-- Data shown follows --
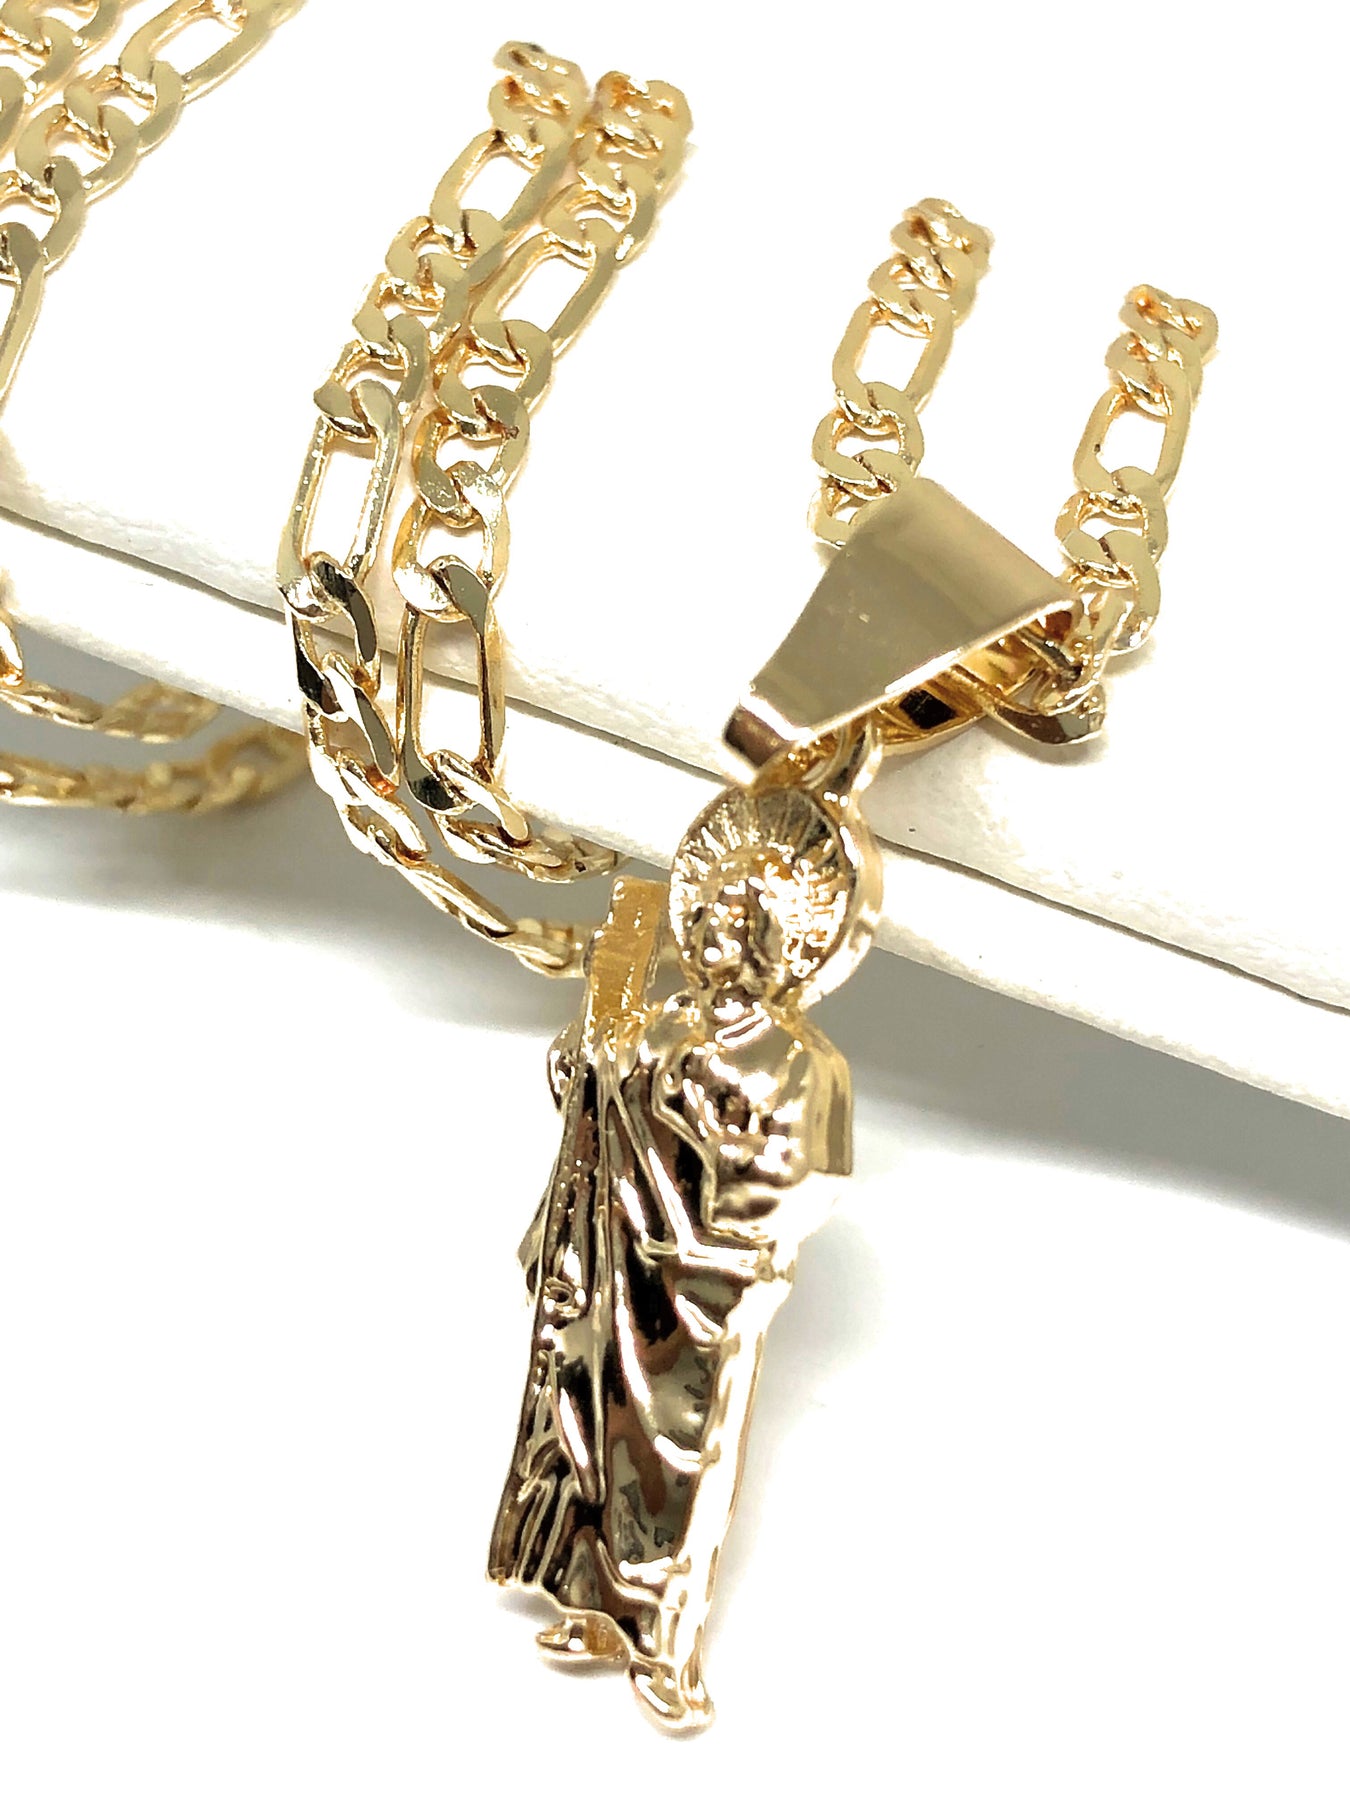 BEST Price Guaranteed Necklace CADENA, chain necklace cadenas
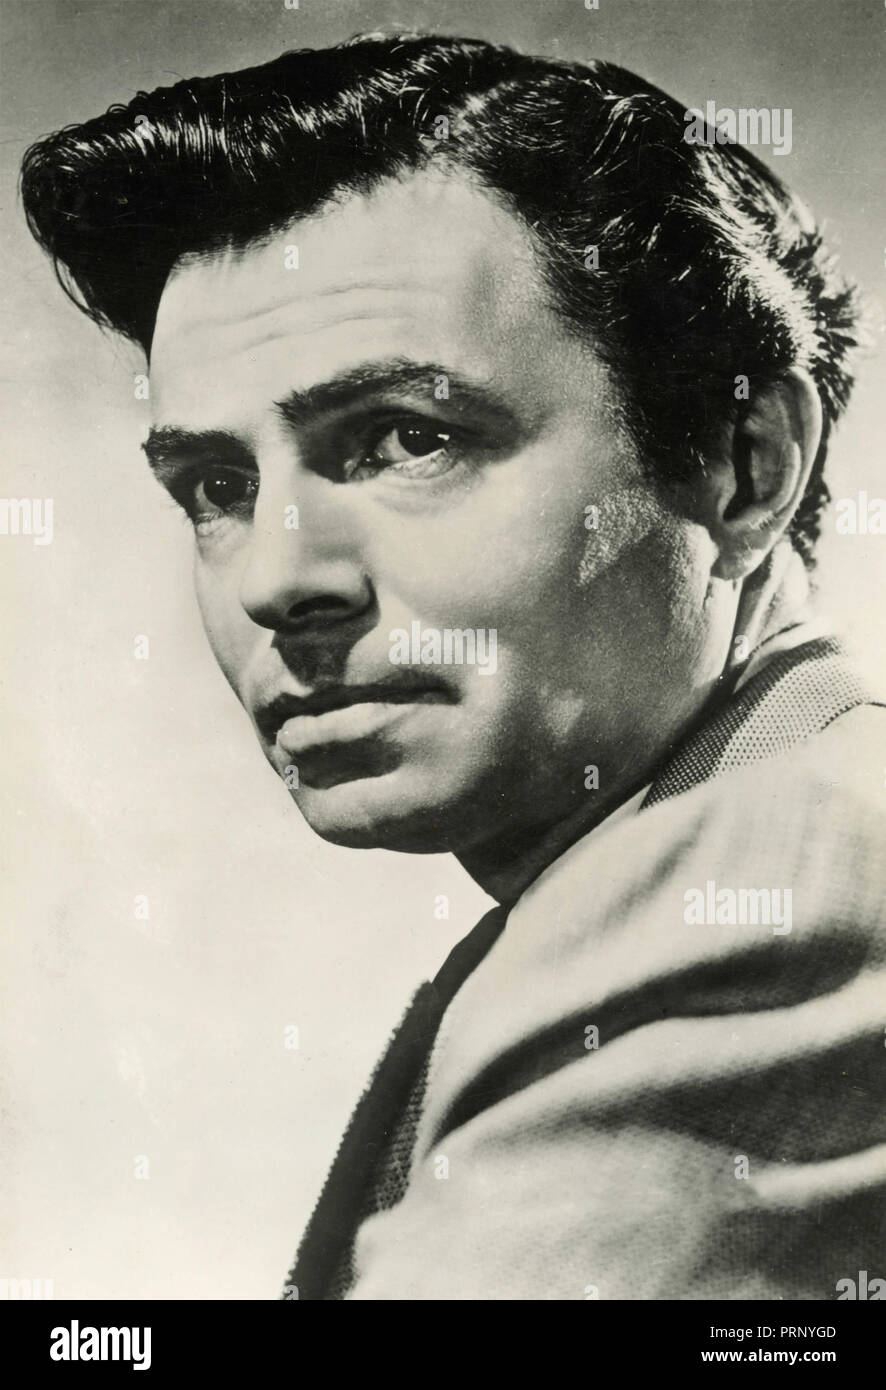 El actor inglés James Mason, 1950 Foto de stock
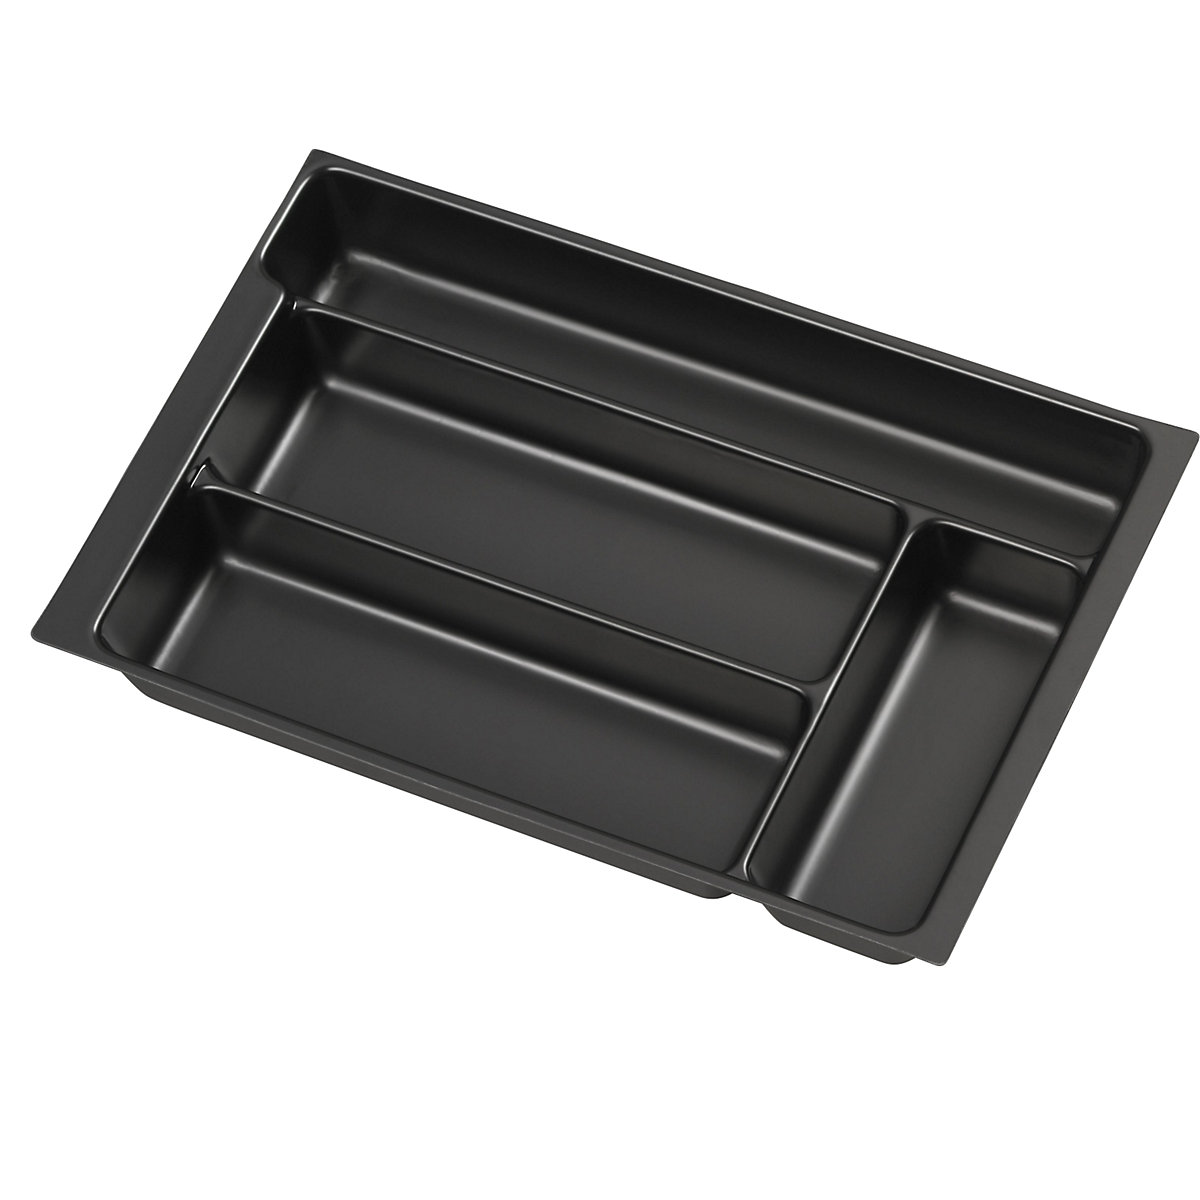 Compartimentation pour tiroir MultiDrawer™ – BISLEY, format A4, hauteur 48 mm, 4 casiers (en longueur)
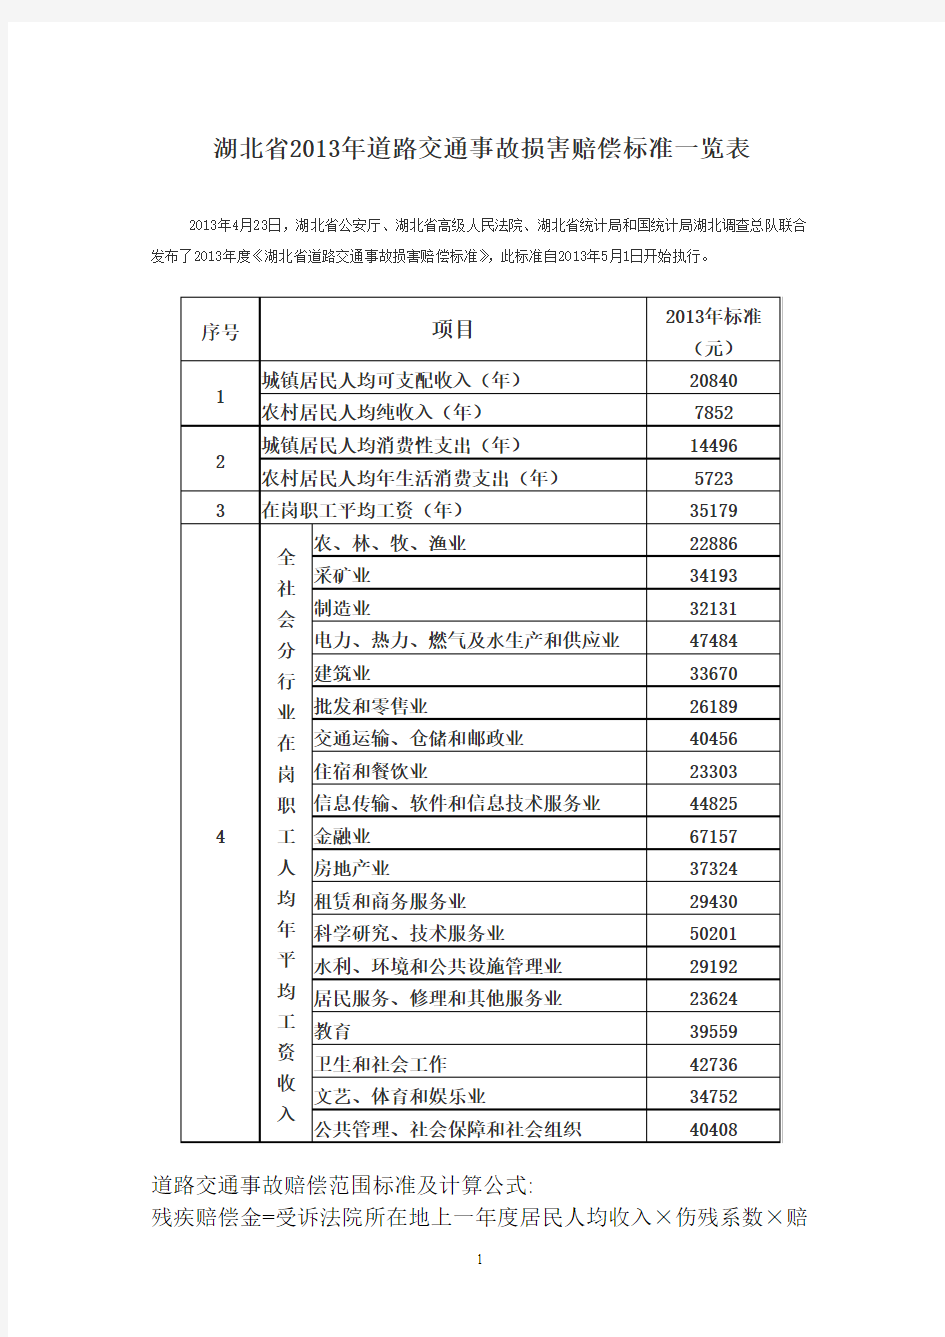 湖北省2013年道路交通事故损害赔偿范围标准及计算公式
-- Data shown concluded --
What you need to do
The output is the data above, repeated exactly, with pictures omitted.

Response to the task
 BEST Price Guaranteed Necklace CADENA, chain necklace cadenas
 El actor inglés James Mason, 1950 Foto de stock
 Compartimentation pour tiroir MultiDrawer™ – BISLEY, format A4, hauteur 48 mm, 4 casiers (en longueur)
 湖北省2013年道路交通事故损害赔偿范围标准及计算公式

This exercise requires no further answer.